_Exercise data_.
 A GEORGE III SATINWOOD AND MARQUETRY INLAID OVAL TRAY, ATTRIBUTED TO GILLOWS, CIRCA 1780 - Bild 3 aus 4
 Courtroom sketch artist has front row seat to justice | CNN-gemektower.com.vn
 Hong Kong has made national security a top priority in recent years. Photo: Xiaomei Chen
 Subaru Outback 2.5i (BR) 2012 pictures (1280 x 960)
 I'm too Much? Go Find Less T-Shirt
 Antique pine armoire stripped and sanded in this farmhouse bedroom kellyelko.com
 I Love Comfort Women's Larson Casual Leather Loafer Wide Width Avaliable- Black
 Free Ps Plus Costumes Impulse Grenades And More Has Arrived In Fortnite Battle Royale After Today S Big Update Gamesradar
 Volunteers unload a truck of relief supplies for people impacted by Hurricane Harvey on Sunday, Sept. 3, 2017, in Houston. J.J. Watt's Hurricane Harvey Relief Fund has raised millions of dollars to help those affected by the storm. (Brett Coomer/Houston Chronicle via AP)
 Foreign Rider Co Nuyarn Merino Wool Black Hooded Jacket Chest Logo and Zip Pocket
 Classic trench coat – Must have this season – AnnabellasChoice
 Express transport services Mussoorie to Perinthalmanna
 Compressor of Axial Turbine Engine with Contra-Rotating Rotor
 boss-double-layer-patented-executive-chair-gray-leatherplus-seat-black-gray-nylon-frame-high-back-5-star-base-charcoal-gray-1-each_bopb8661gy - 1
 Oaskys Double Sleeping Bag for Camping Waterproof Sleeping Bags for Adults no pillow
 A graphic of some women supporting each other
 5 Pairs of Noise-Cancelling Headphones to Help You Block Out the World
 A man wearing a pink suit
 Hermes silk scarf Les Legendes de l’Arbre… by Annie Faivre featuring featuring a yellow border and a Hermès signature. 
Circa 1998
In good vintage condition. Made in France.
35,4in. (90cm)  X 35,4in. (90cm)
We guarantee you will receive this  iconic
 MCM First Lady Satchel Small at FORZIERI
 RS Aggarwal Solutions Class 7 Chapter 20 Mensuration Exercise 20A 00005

_Task_.
Output an exact copy of the lines from the one holding "Hermes silk scarf" to the last line of the data, inclusive, and nothing beyond that range.

_Final answer_.
 Hermes silk scarf Les Legendes de l’Arbre… by Annie Faivre featuring featuring a yellow border and a Hermès signature. 
Circa 1998
In good vintage condition. Made in France.
35,4in. (90cm)  X 35,4in. (90cm)
We guarantee you will receive this  iconic
 MCM First Lady Satchel Small at FORZIERI
 RS Aggarwal Solutions Class 7 Chapter 20 Mensuration Exercise 20A 00005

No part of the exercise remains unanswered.